## Recorded data
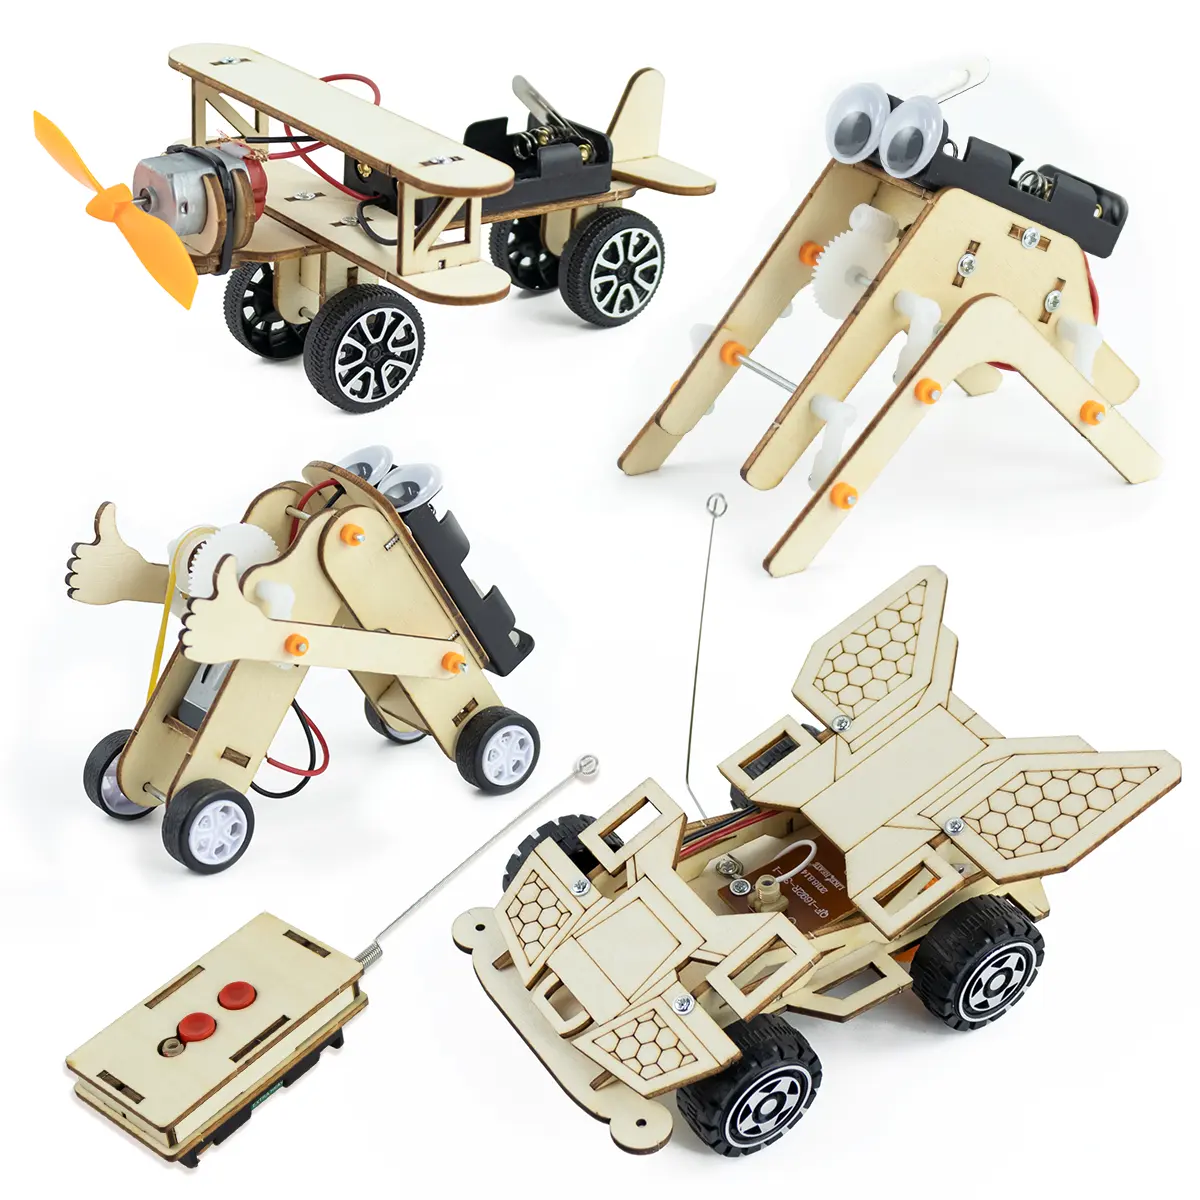 DIY Wooden Model Toys STEM Porject Kit 3D Puzzles Science Experiments Educational Building kit for Kids educational toys
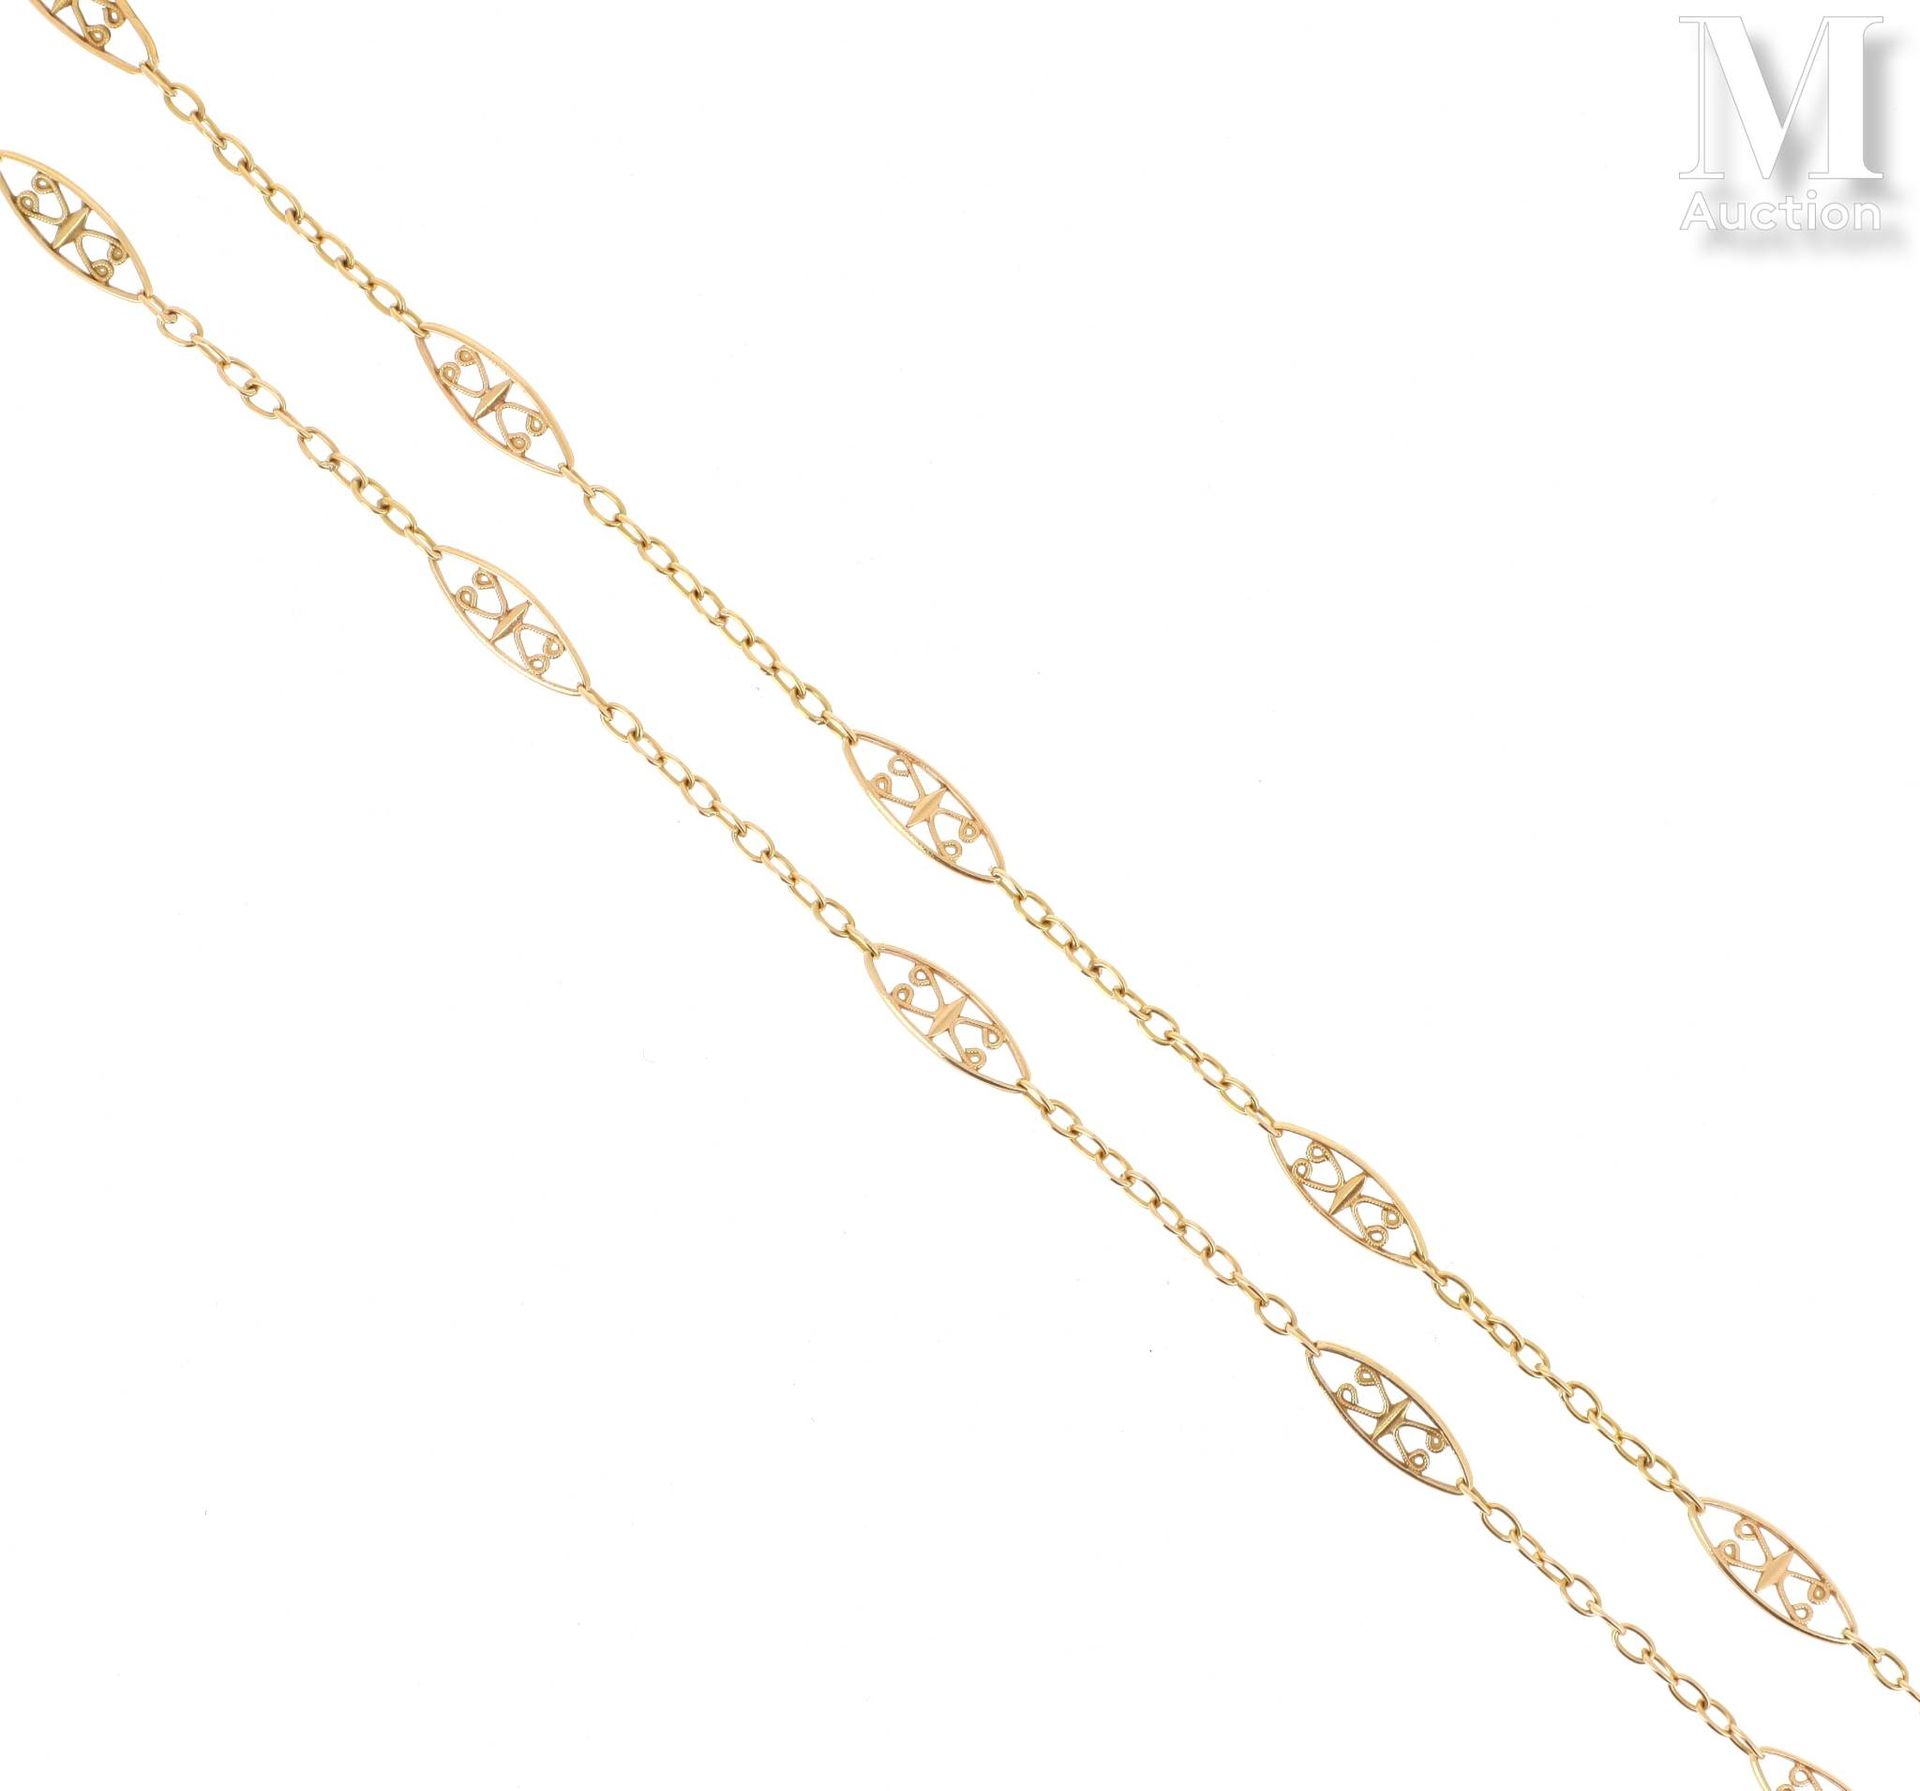 Sautoir maillons navettes 18K(750°/°)黄金长项链，镂空花丝链接。

毛重：14,4克。

长：74厘米

## Exercise aim
An exact copy is needed of the lines running from the one containing "Sautoir maillons navettes" through the last line of the material, and of no others; pictures stay out.

## Written response
 Sautoir maillons navettes 18K(750°/°)黄金长项链，镂空花丝链接。

毛重：14,4克。

长：74厘米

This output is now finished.